____ fevereiro 10, 2017 ____

A tal da ausência

Minha mãe achava estudo
a coisa mais fina do mundo.
Não é.
A coisa mais fina do mundo é o sentimento.
Aquele dia de noite, o pai fazendo serão,
ela falou comigo:
“Coitado, até essa hora no serviço pesado”.
Arrumou pão e café , deixou tacho no fogo com água quente.
Não me falou em amor.
Essa palavra de luxo.
(Adélia Prado)

 

O vovô e a vovó sempre foram absolutamente presentes na minha vida. Eu sei que pro vovô não estar ao meu lado, o único motivo existente é: ele não pode. E pela primeira vez em quase vinte e sete anos, o vovô não pode.

 

Eu falei em vinte e sete anos, a vovó me falou em sessenta e um. Coisa que eu só posso imaginar e respeitar, já que a vida dela ao lado do meu avô é bem maior que a minha vida todinha.

 

A vovó sempre colocou a comida pro vovô e acho que isso nunca foi um questionamento pra ela como é pra mim – cuidar da casa e do marido, fazer a comida, servir a comida. Eles comem juntos. Mas é junto mesmo. Eu sempre a vi pegar comida do prato dele ou então tirar comida do prato dela e colocar no dele, com o garfo, com a mão. Quando eles comem frutas, ela vai partindo com a faca, uns pedaços pra ele, outros pra ela. A mesma fruta. Eu também já vi isso muitas vezes.
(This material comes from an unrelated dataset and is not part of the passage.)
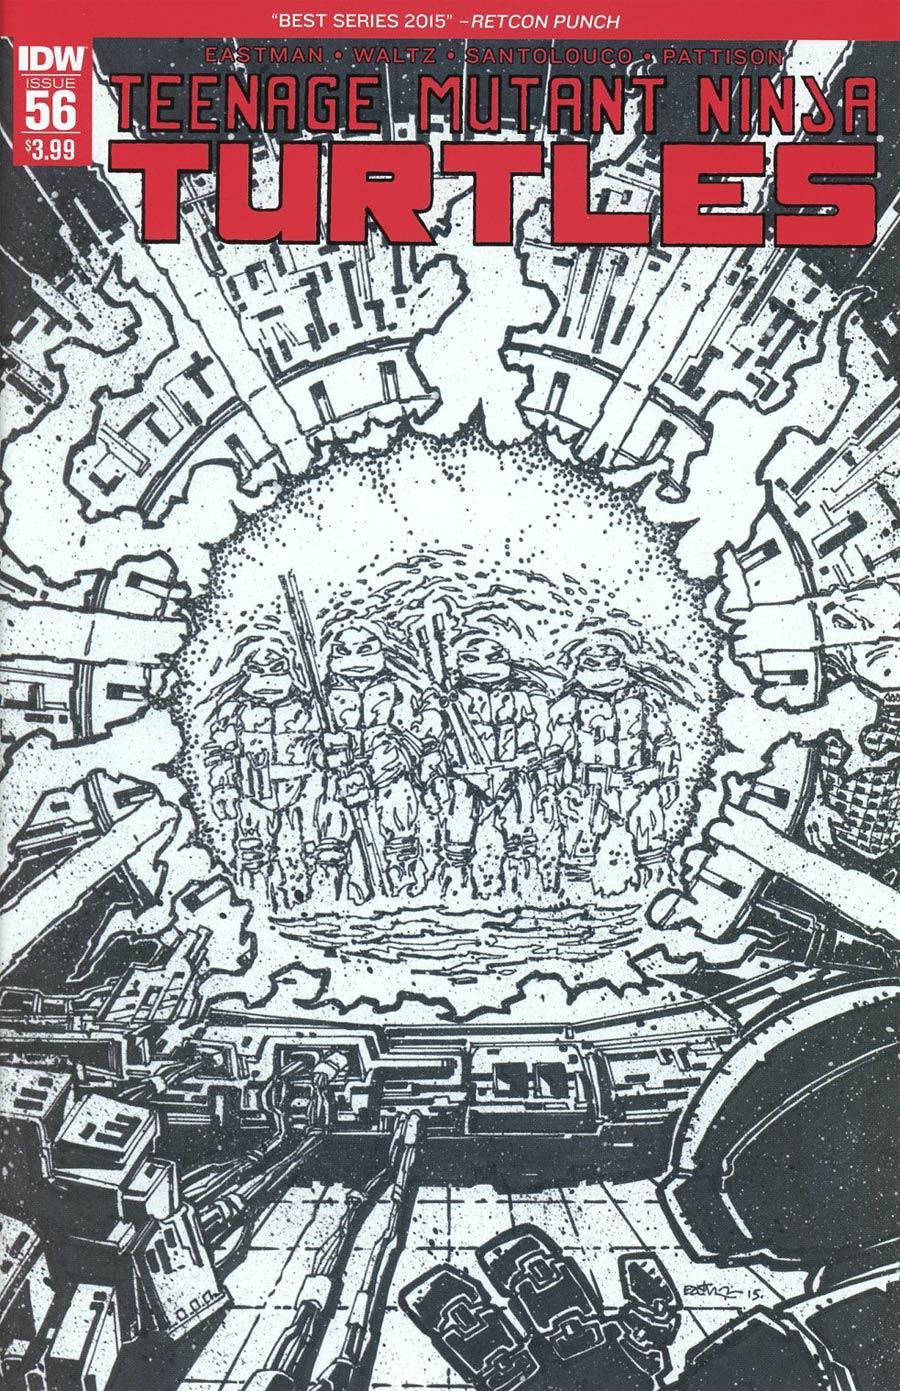 Teenage Mutant Ninja Turtles Vol 5 #56 Cover D 2nd Ptg Kevin Eastman Variant Cover

Esses (meus) pequenos privilégios do cotidiano.

 

Dia desses a gente comeu manga. Ela comeu a dela, eu comi a minha. Ela disse que precisava cortar a manga de um jeito diferente. Porque a vida toda ela vinha partindo a manga do mesmo jeito e, nos últimos sessenta e um anos, ela comia manga com o meu avô. Com ele no hospital, partir a manga do mesmo jeito de sempre a fazia lembrar do vovô. E lembrar do vovô era lembrar que agora ele não podia estar ali pra comer a manga com ela.

 

Dia desses eu acordei e vi a vovó sorrindo na cozinha, perguntando se eu achei a roupa nova dela bonita. Um conjuntinho todo estampado com desenhos de sorvetes e picolés. Achei bonita sim e tirei uma foto com o celular. Ela estava cozinhando galinha e disse que ia fazer com o caldinho que eu gostava, pra molhar o pão. Desde criança eu gosto de molhar o pão francês no caldo ainda na panela. Aquele pão com o caldo de galinha foi como um abraço.

 

Vovô está melhorando. Depois de quase três semanas na UTI, hoje ele foi pro quarto. O médico disse que ele é muito forte. E é mesmo. Sempre foi. A gente segue sendo forte aqui também, lidando com a ausência como a gente pode, cortando a manga diferente, molhando um pedaço de pão no caldo de galinha.